# 3rd party bindings on Burton Channel boards - which brand works?



## ckang008 (May 18, 2009)

3rd party bindings on Burton Channel boards - which brand works? I understand it's not officially supported but i heard some ppl have success with Union bindings. Any other brand of bindings that works with their channel system? thx


----------



## Dano (Sep 16, 2009)

Have looked into this pretty extensively because i just picked up an 09 CustomX with the ICS system and wanted new bindings. Most info out there says Burton EST bindings or nothing. However I know there is a conversion kit that will let you put regular Burton bindings on a channel board, but I haven't heard of any other binding fitting on a Burton ICS. Everyone I've spoken to says it can't be done


----------



## ckang008 (May 18, 2009)

Here's Rome response for using their bindings on the Channel. Wonder how secure this way will be and how they screw down the binding:

I have seen some riders using their regular 4x4 disks set at a 45 degree angle, and using the two mounting holes that are furthest from each other in the ICS system. This must work since they are riding this way, but I cannot recommend doing it. The bindings are made for using four mounting screws a piece (or 3 on a Burton board) so I can’t guarantee that two screws will hold a binding totally, and securely to the board. You may encounter some flex, like toe or heel lift, if you try this mounting setup too, but I haven’t tried it myself, so I can’t say for sure. Let me know if it works out for you.


----------



## DC5R (Feb 21, 2008)

Nothing against Burton, but this is why I don't buy their boards...lack of compatibility with almost everything else out in the market.

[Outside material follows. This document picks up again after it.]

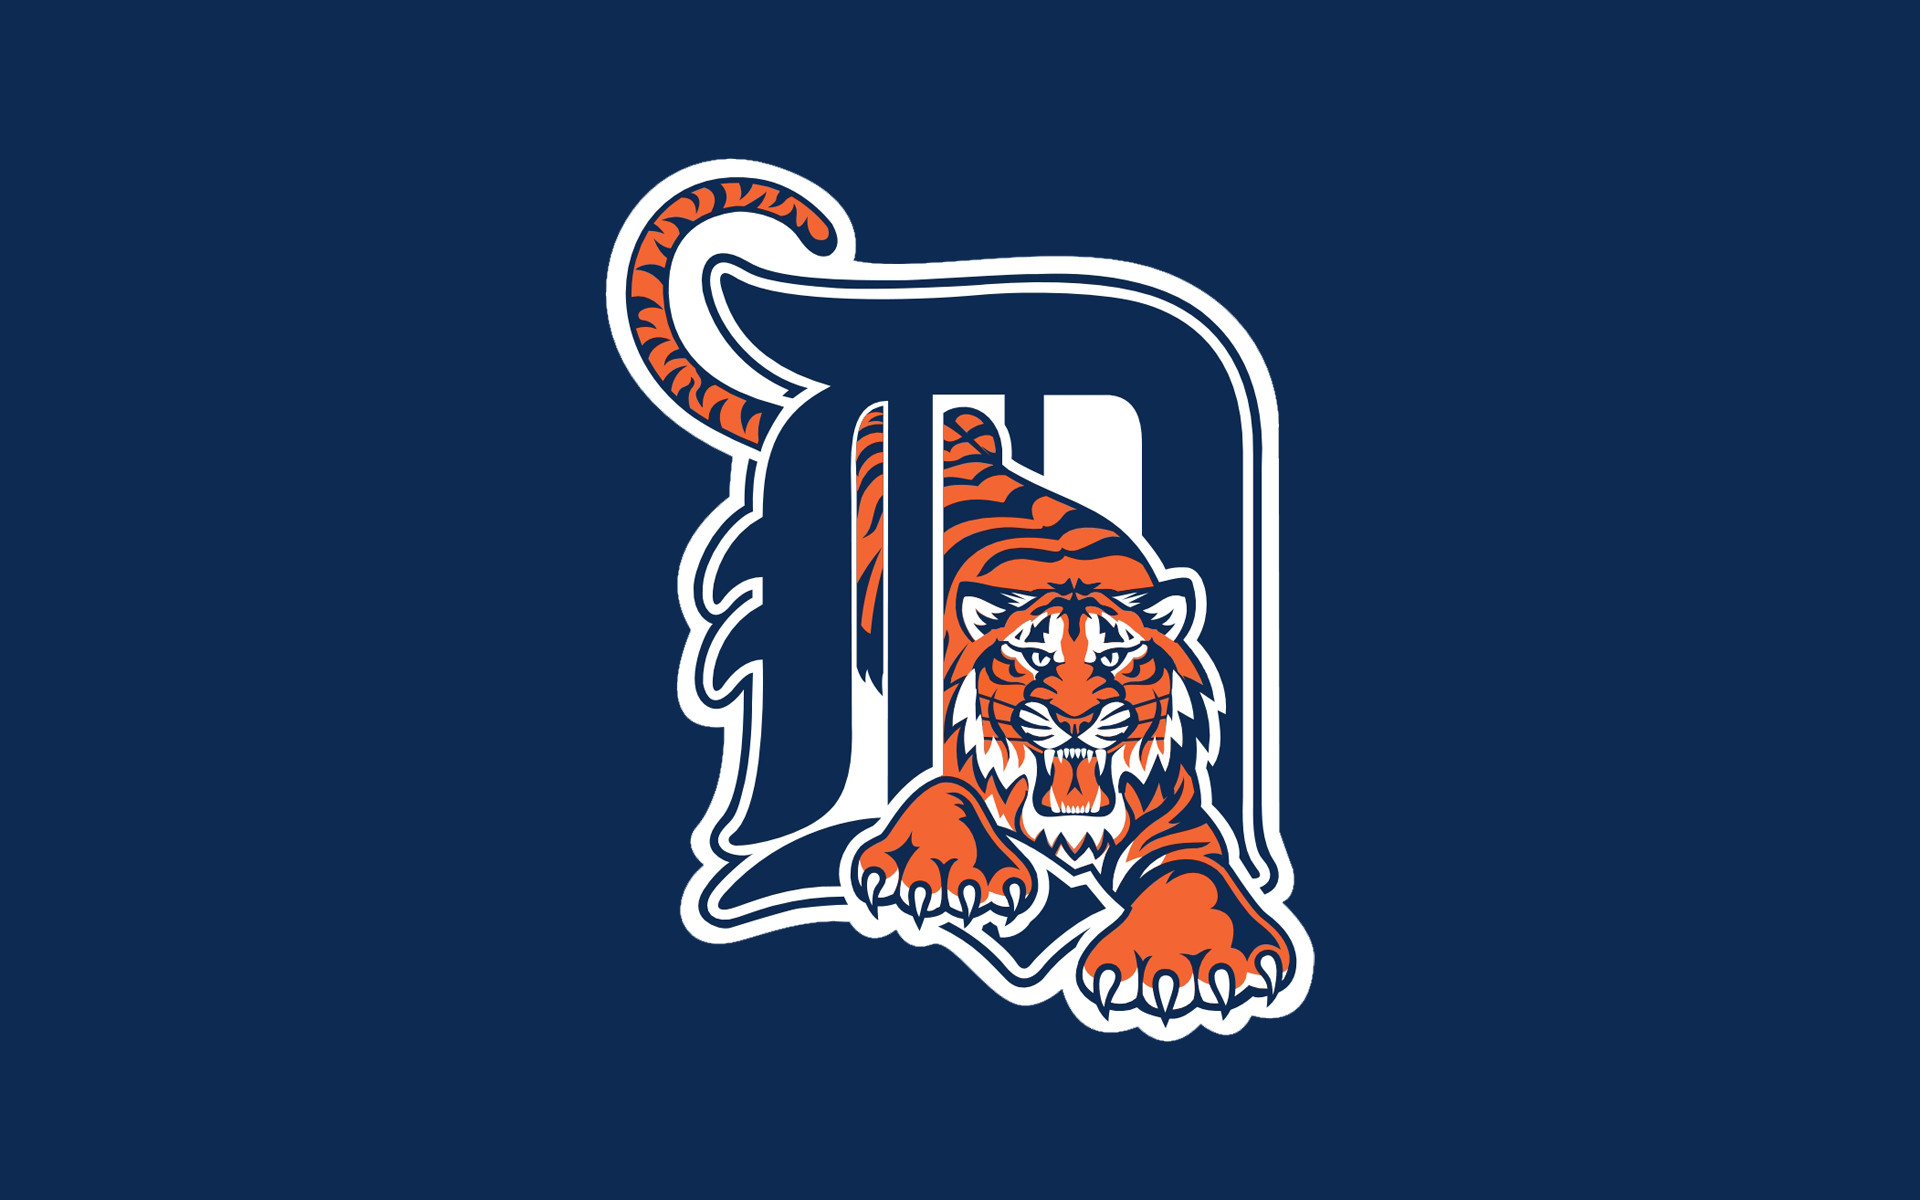 Detroit Tigers Wallpaper (8 Wallpapers)

On topic, I think I've heard some people mounting Unions with success. You may want to enquire.


----------



## ckang008 (May 18, 2009)

Ya, i'm quite tempted by this year's Malolo but I don't want to bring an extra set of binding just for that. (ideally, have one binding + TRice + Malolo on any trip). Saves luggage spaces


----------



## rgrwilco (Oct 15, 2007)

COLD/HOT: Putting Union bindings on an ICS Burton board

do it up


----------



## BurtonAvenger (Aug 14, 2007)

ICS FLOW DISKS flow is on the ball now.


----------



## Guest (Oct 5, 2009)

Drake bindings offers free Drake-Burton Channel board mounting discs that work exclusively with Drake bindings on Burton boards that utilize the ICS Infinite Channel System mounting system. Unfortunately, they only work with Drake bindings.


----------



## RidePowder (Oct 30, 2008)

Flux is the only binding system that Burton ALLOWS to use their ICS system. its because Flux owns the patent to cap straps... you can get discs from shops when you buy flux bundings. Im really digging a pair of super titans this year


----------



## BurtonAvenger (Aug 14, 2007)

^ What? Seriously?


----------



## RidePowder (Oct 30, 2008)

are you waiting to say something of substance BA?


----------



## Reede (Feb 16, 2009)

The Burton adapter disk for their regular bindings is doubly reinforced compared to the standard disks due to there only being 2 screws holding it in place, I can't possibly imagine a 4 hole mounting disk that is designed to share the load between 4 screws ending well when being retrofitted diagonally.


----------



## BurtonAvenger (Aug 14, 2007)

This thread is all full of fucking wins.


----------



## Extremo (Nov 6, 2008)

I have the perfect solution. Forget about burton.


----------



## RidePowder (Oct 30, 2008)

that is the best suggestion I have heard all day


----------



## ckang008 (May 18, 2009)

RidePowder said:


> that is the best suggestion I have heard all day


Wish I can, but got an Uninc already for a year now. Want to see if there is a binding that will work for both my Summit and my Uninc


----------



## RidePowder (Oct 30, 2008)

All I know is that Flux are allowed to make their bindings EST compatible.


----------



## return2heaven (Jan 28, 2009)

maybe it's just me but, out of all the great boards out there that allow you to use any binding you want, why would you get an ics board and then wonder about using 3rd party bindings after the fact?


----------



## ckang008 (May 18, 2009)

return2heaven said:


> maybe it's just me but, out of all the great boards out there that allow you to use any binding you want, why would you get an ics board and then wonder about using 3rd party bindings after the fact?


Didn't put that into consideration before. Just jump onto the purchase after hearing good things about the Uninc.


----------



## ATOTony76 (May 26, 2009)

Extremo said:


> I have the perfect solution. Forget about burton.


:laugh: hahahahahahahahahahahahaha


----------